Möhner Matthias, Liu Yimeng, Marsh Gary M
1Federal Institute for Occupational Safety and Health, Berlin, Germany.
2Center for Occupational Biostatistics and Epidemiology and Department of Biostatistics, 7120 Graduate School of Public Health, University of Pittsburgh, 130 DeSoto Street, Pittsburgh, PA 15261 USA.
J Occup Med Toxicol. 2019 Feb 20;14:4. doi: 10.1186/s12995-019-0224-2. eCollection 2019.
Indications were found that a diagnostic bias could have contributed to the National Cancer Institute's (NCI) suggestion of a persistent increased mortality risk for nasopharyngeal cancer (NPC).
NCI provided the cohort data updated through 2004. We computed local county rate-based standardized mortality ratios (SMRs) for NPC and all other entities of the pharynx for two time periods. Moreover, SMRs were calculated for pharyngeal cancer in relation to study site by cumulative exposure to formaldehyde (FA).

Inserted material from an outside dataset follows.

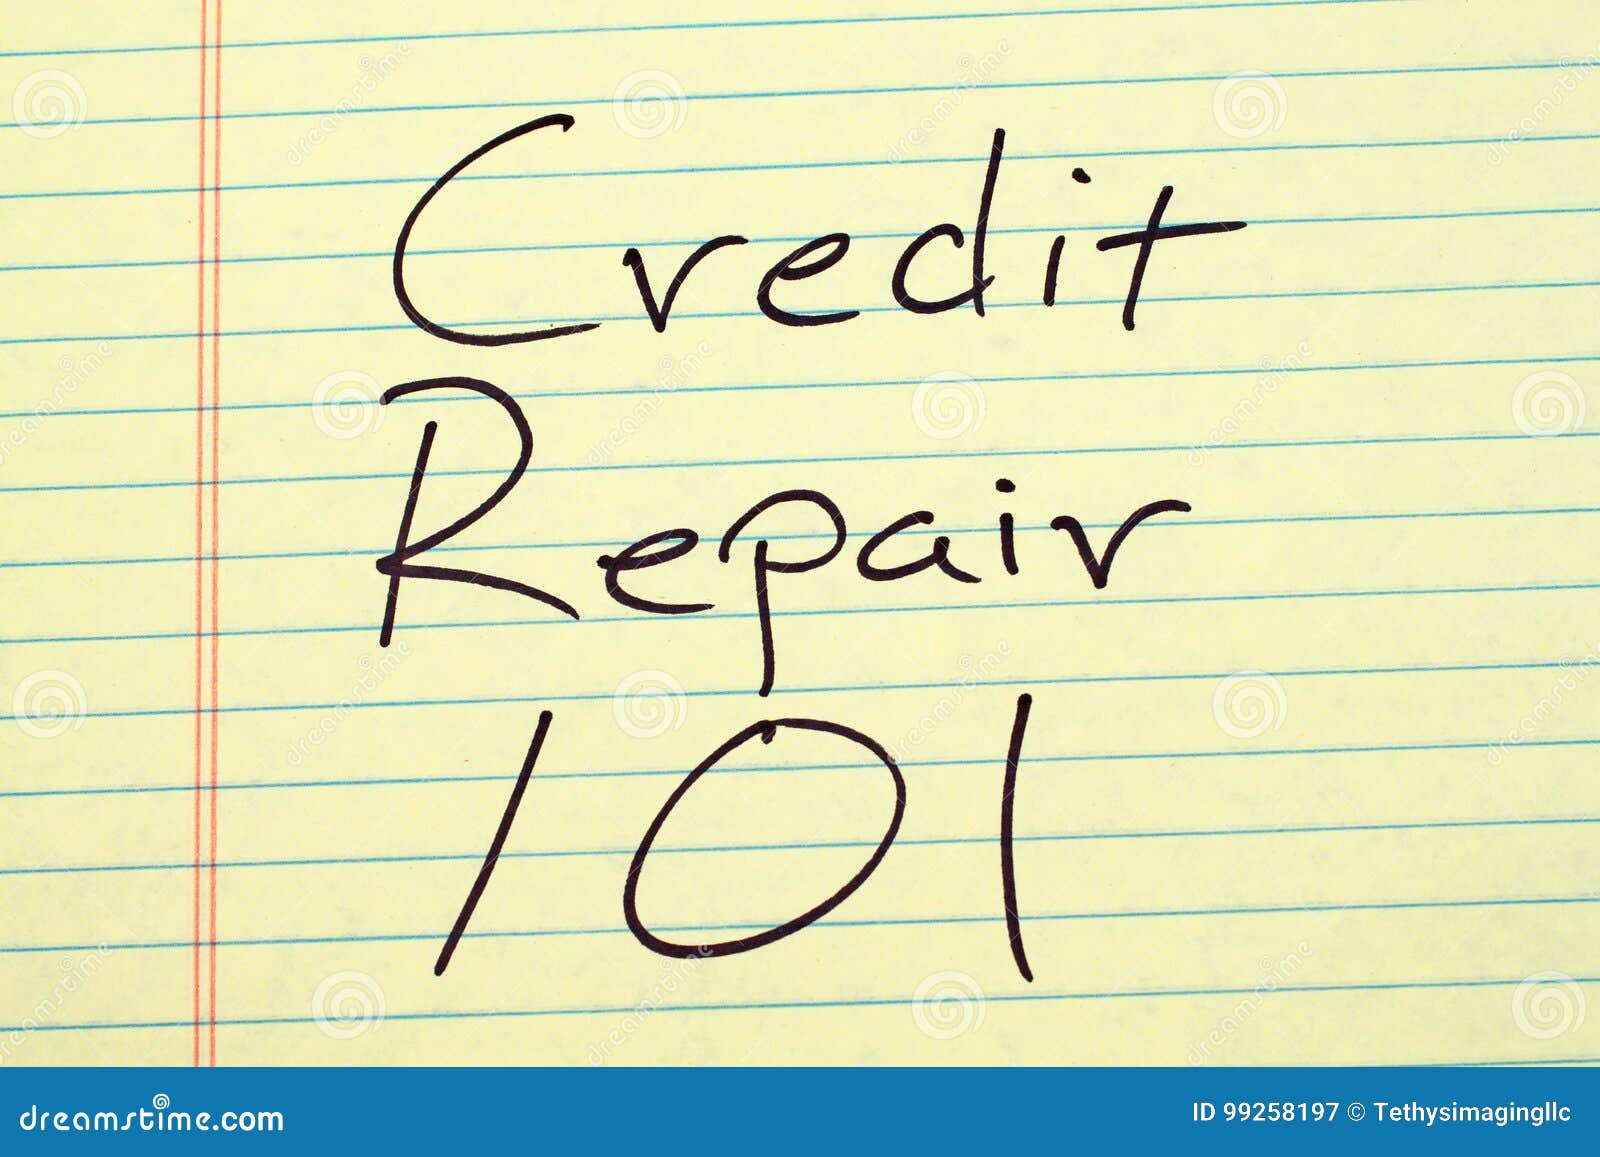 credit repair 101 on a yellow legal pad
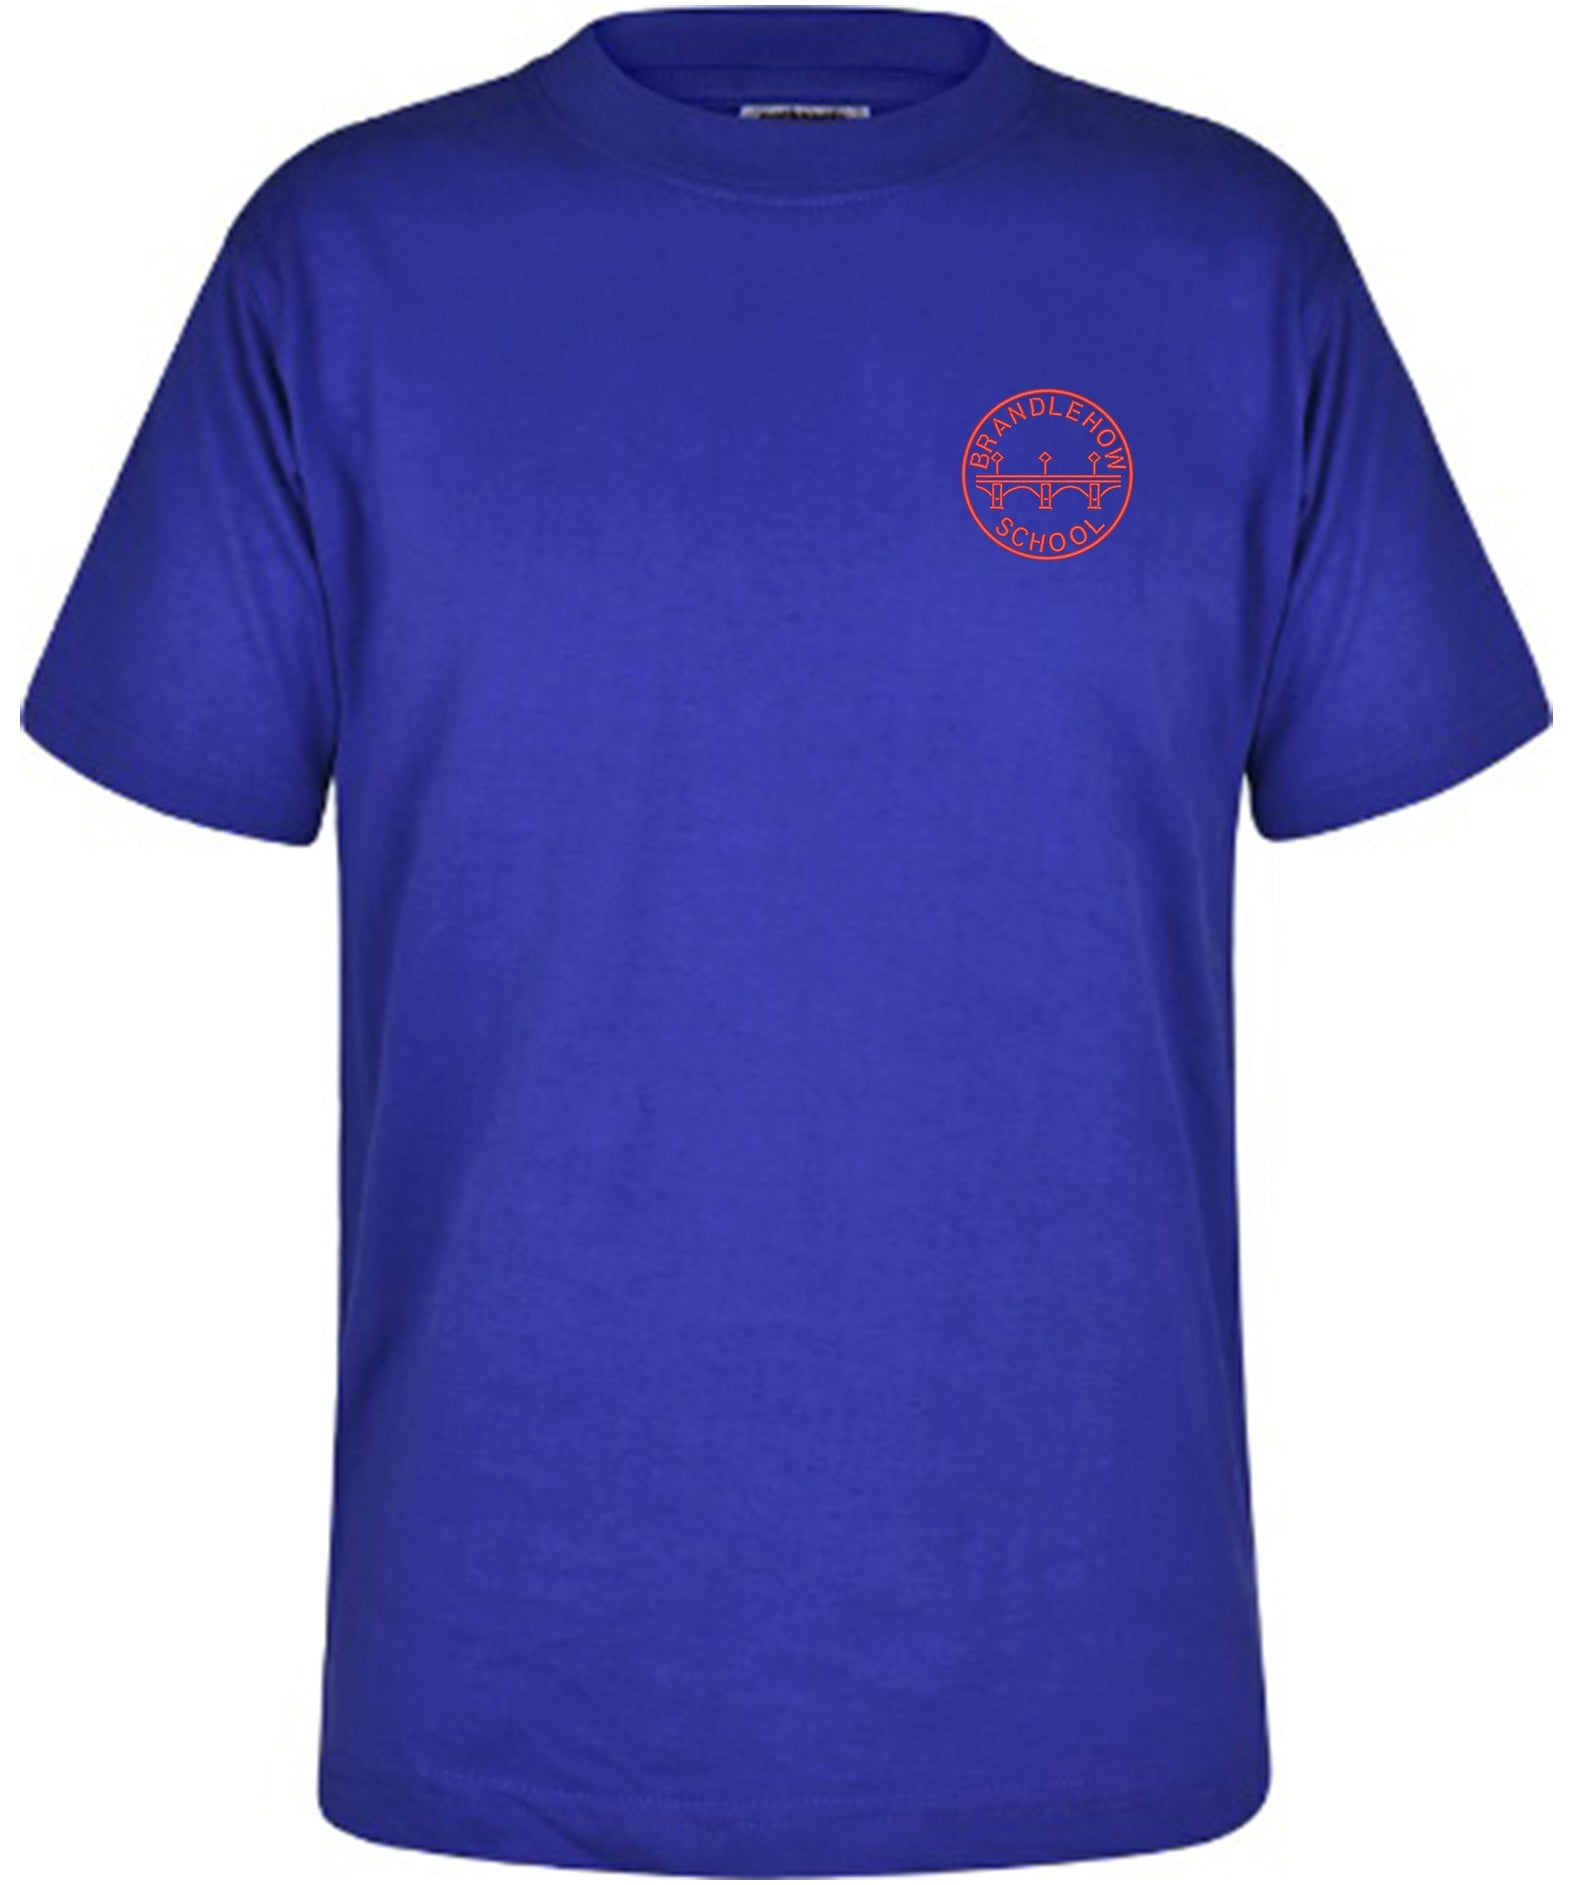 Brandlehow Primary School - Unisex Cotton T-Shirt - Royal Blue - School Uniform Shop

Overall, our results corroborate the indications of a diagnostic bias by strong but contrary temporal trends for NPC and pharynx, not specified. Moreover, it was shown that mortality risks were increased in the Wallingford cohort for all pharyngeal cancer combined and for pharyngeal cancer excluding NPC. In contrast, no increased risks for these categories were found in the nine other study sites combined.
Our re-analysis provided little or no evidence to support NCI's suggestion of a persistent association between FA exposure and mortality from NPC.
有迹象表明,诊断偏差可能导致美国国立癌症研究所(NCI)提出鼻咽癌(NPC)死亡率持续上升的风险。
NCI提供了截至2004年更新的队列数据。我们计算了两个时间段内基于当地县发病率的鼻咽癌及咽部所有其他实体的标准化死亡率(SMR)。此外,根据甲醛(FA)的累积暴露量,计算了与研究地点相关的咽癌SMR。
总体而言,我们的结果通过鼻咽癌和未明确的咽部强烈但相反的时间趋势证实了诊断偏差的迹象。此外,研究表明,沃灵福德队列中所有咽癌合并病例以及排除鼻咽癌的咽癌病例的死亡风险均有所增加。相比之下,在其他九个研究地点的合并病例中未发现这些类别风险增加。
我们的重新分析几乎没有或没有证据支持NCI提出的FA暴露与鼻咽癌死亡率之间存在持续关联的建议。